Bu yıl 8.si gerçekleştirilecek olan Uluslararası Türkçe Olimpiyatları, etkinliklerin daha geniş kitlelere tanıtılması amacıyla bir dergi yayımladı. İlk sayısı bugün bayilerde olan dergide, olimpiyatların dünden bugüne tarihi, dünyanın yaklaşık 120 ülkesinde eğitim gönüllüsü olarak çalışan öğretmenlerin hikâyeleri ve Türkçenin dünyada yayılma alanını her geçen gün genişletmesi işleniyor. Arnavutluk iç savaşı sırasında öğretmenlerin bütün tehlikelere rağmen okulu terk etmeyişleri, unutulmaz bir fedakarlık destanı olarak hafızalardaki yerini koruyor. Dergide yer alan bu ve benzer pek çok olay, Türkçe sevdalısı öğretmenlerin olimpiyatları bugün herkesin gurur duyduğu bir seviyeye nasıl getirdiklerini gözler önüne seriyor. Farklı görüşlerden yazar, düşünür ve sanatçılar da olimpiyatlar ve Türk okulları hakkındaki değerlendirmelerinde hep bu başarının kahramanları olarak öğretmenleri selamlıyor.

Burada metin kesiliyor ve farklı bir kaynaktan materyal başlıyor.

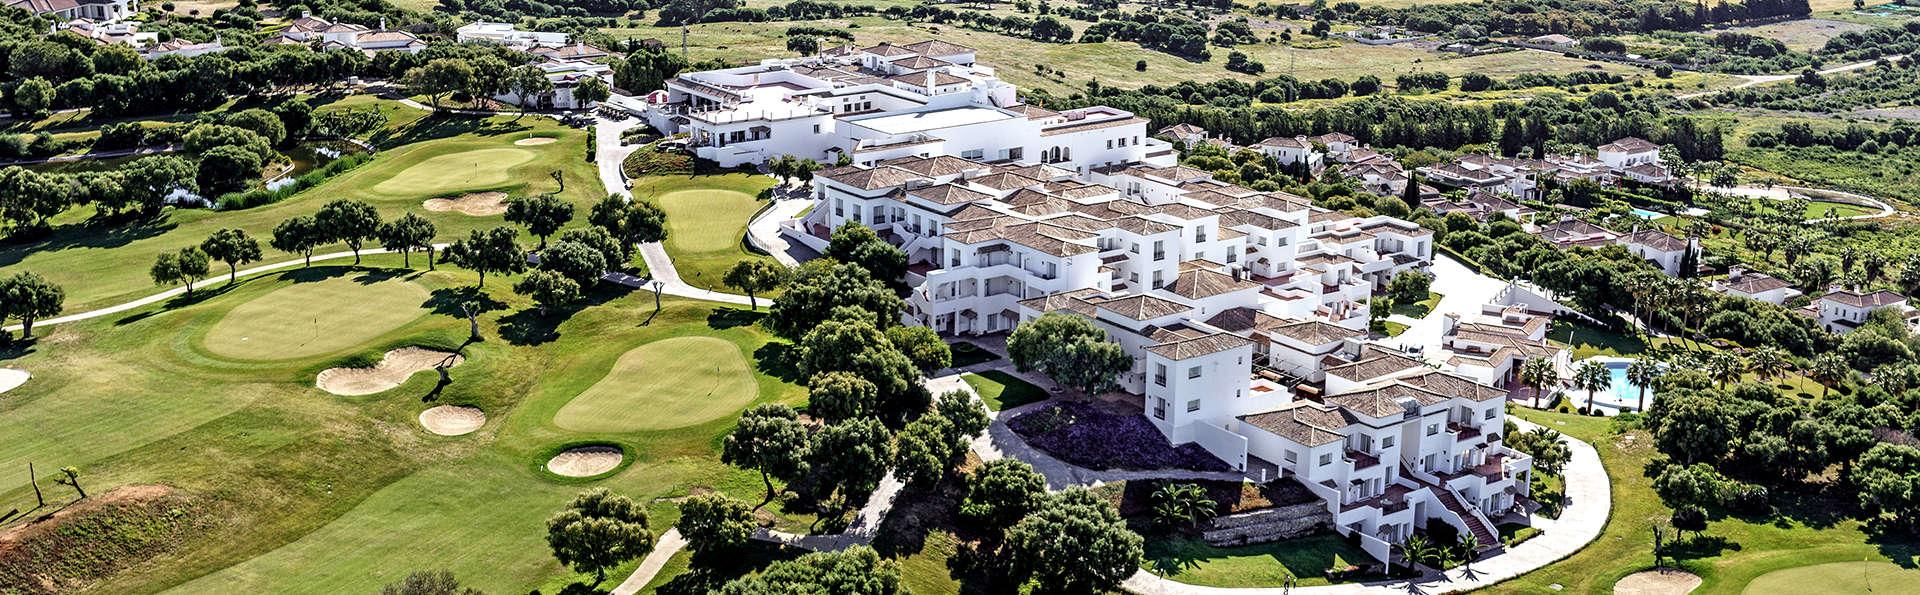 Fairplay Golf & Spa Resort 5* - EDIT_NEW_VIEW.jpg

Türkçe Olimpiyatları Tertip Komitesi Başkanı Prof. Dr. Mehmet Sağlam, kendisiyle yapılan röportajda, 17 ülke ile başlayıp bugün 120 ülkeye ulaşan olimpiyat organizasyonunu anlatıyor. Türk Dil Kurumu Başkanı Prof. Dr. Şükrü Haluk Akalın ise olimpiyatların Türkçenin yaygınlaşması açısından ifa ettiği görevi ortaya koyuyor. Edebiyat, sinema, müzik, reklam ve gösteri dünyasından çok sayıda ünlü isim de yaptıkları değerlendirmede, Türkçe Olimpiyatları'nın Türkiye'nin dünyadaki en büyük markası olduğu görüşünde birleşiyor. Fatih Kısaparmak, Serdar Ortaç, Mehmet Ali Birand, Oktay Kaynarca, Hakan Şükür, Deniz Arcak gibi ünlüler, kendileriyle yapılan röportajlarda Türkçe Olimpiyatları'na dair izlenimlerini aktarıyor. Prof. Dr. Naci Bostancı, Prof. Dr. Kemal Karpat, Ahmet Turan Alkan ve Dr. M. Ali Kılıçbay ise dergiye Türk okulları ve olimpiyatlarla ilgili değerlendirmelerini içeren birer makale ile katkıda bulunuyor. Prof. Dr. Karpat'ın bir cümlesi, pek çok şeyi anlatmaya yetiyor: "Bu okulları daha yakından tanımak ve takdir etmek, her Türk'ün vazifesidir. Gerçekten bu okullar kuruluş ve Türkiye'nin dışarıya açılması ve tanıtılması bakımından iftihar edilecek bir seviyededir."